Important: If no previous docs were built, you will have to choose a version as default to be loaded as index, as follows
mike set-default [version-or-alias]
You can now checkout the gh-pages branch and serve:
git checkout gh-pages mike serve
You can also list all available versions/aliases:
mike list
Delete and reset your local gh-pages branch:
mike delete --all # or delete single version mike delete [version-or-alias]

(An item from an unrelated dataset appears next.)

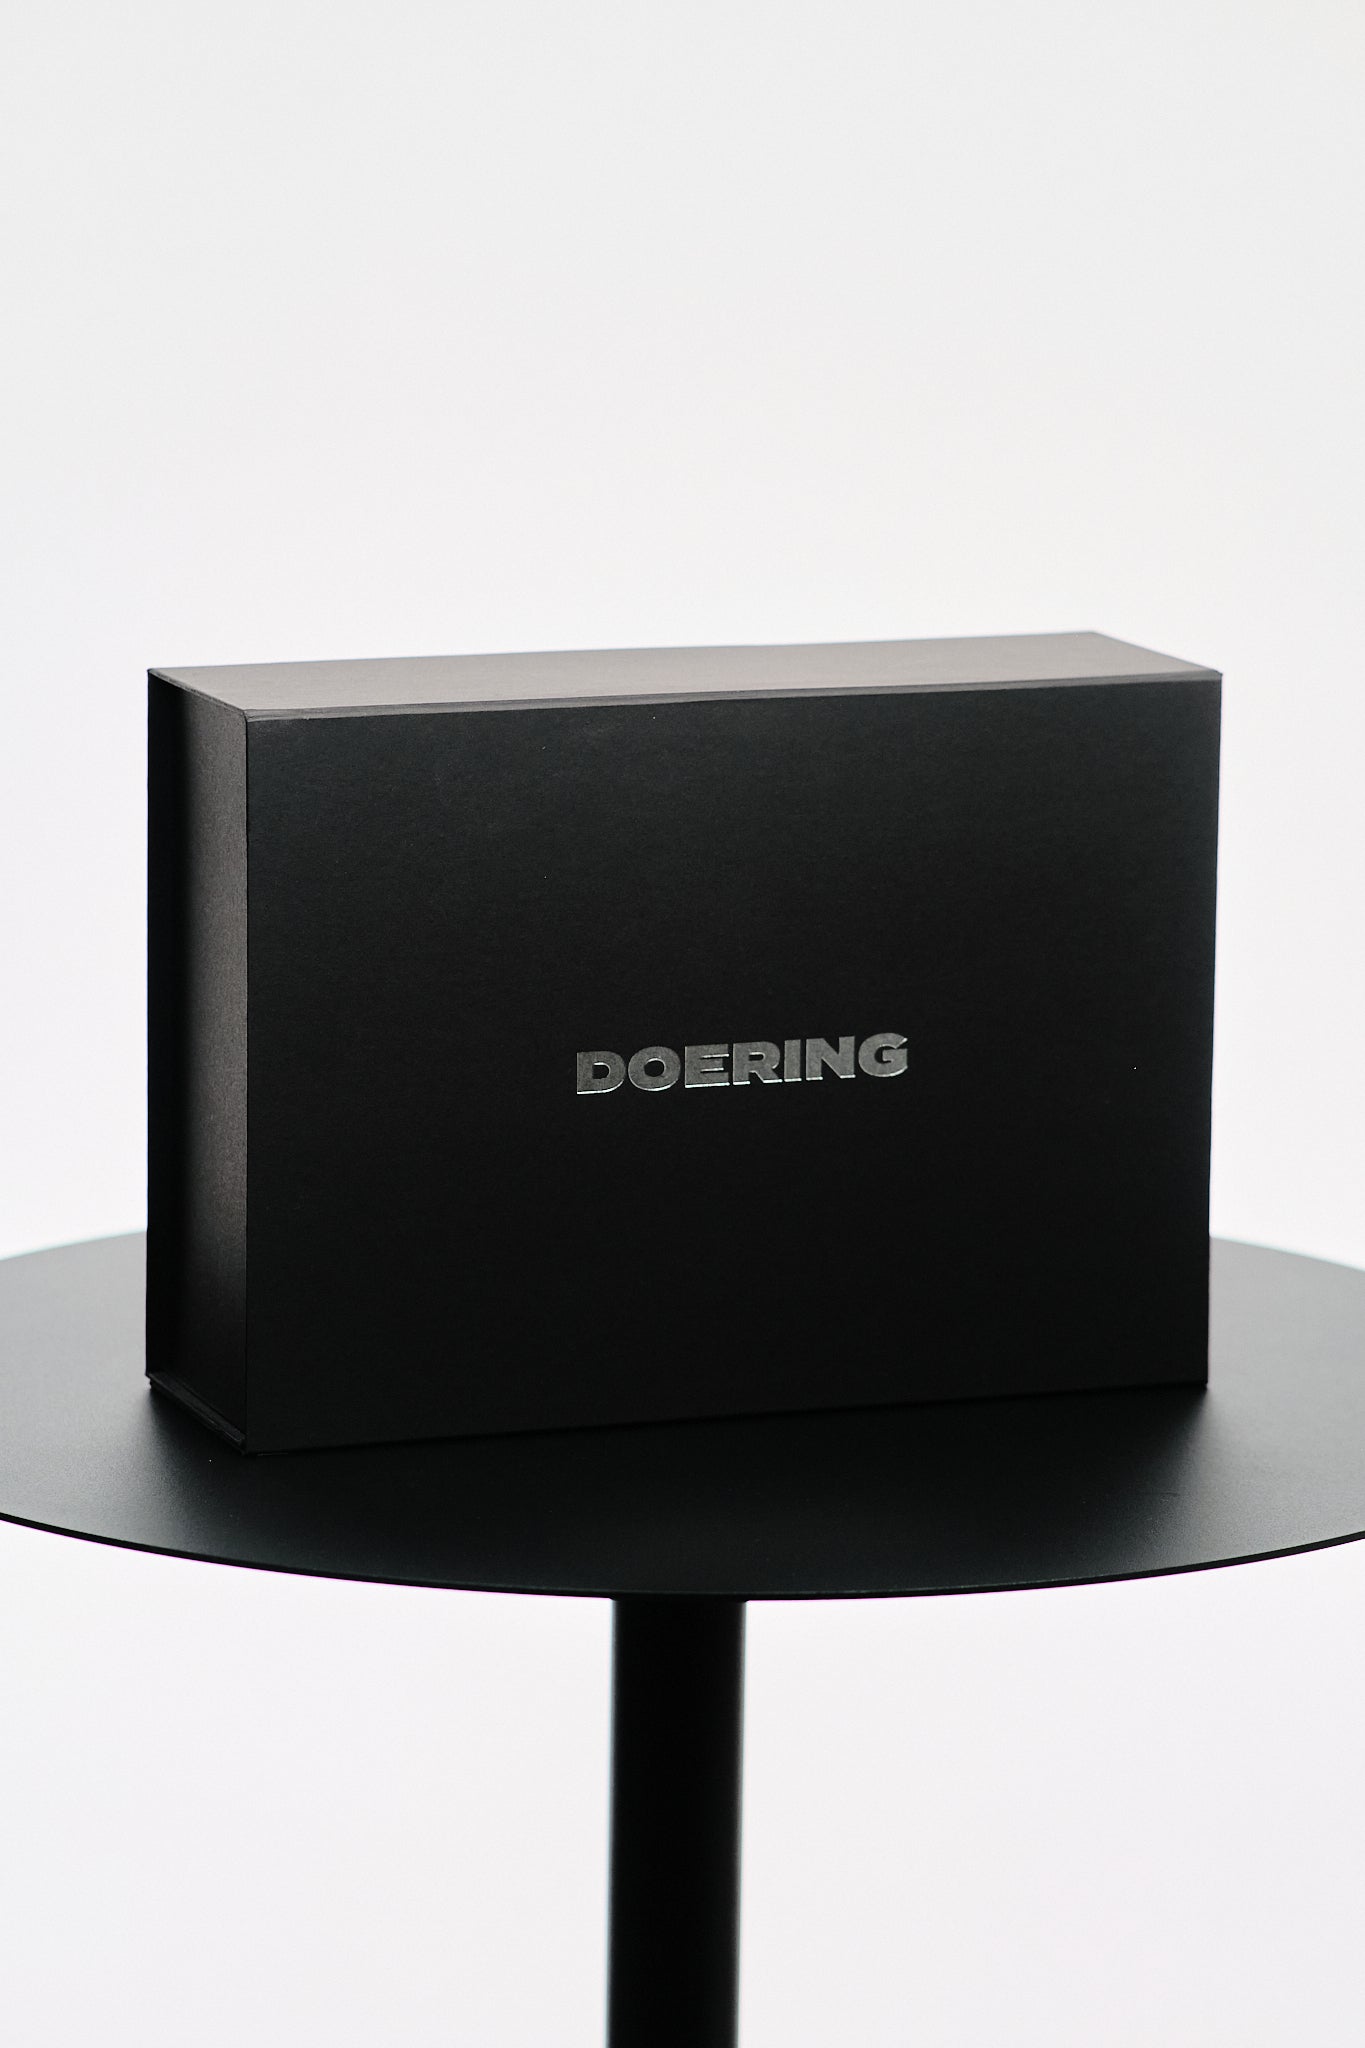 "The Box" - Doering

Adding new API documentation#
To add new documentation for APIs, you need to add information about the method/class to document to the auto_doc.py
script:
PAGES = {
"connection.md": [
"hsfs.connection.Connection.connection"
]
"new_template.md": [
"module",
"xyz.asd"
]
}
Now you can add a template markdown file to the docs/templates
directory with the name you specified in the auto-doc script. The new_template.md
file should contain a tag to identify the place at which the API documentation should be inserted:
## The XYZ package
{{module}}
Some extra content here.
!!! example
```python
import xyz
```
{{xyz.asd}}
Finally, run the auto_doc.py
script, as decribed above, to update the documentation.
For information about Markdown syntax and possible Admonitions/Highlighting etc. see the Material for Mkdocs themes reference documentation.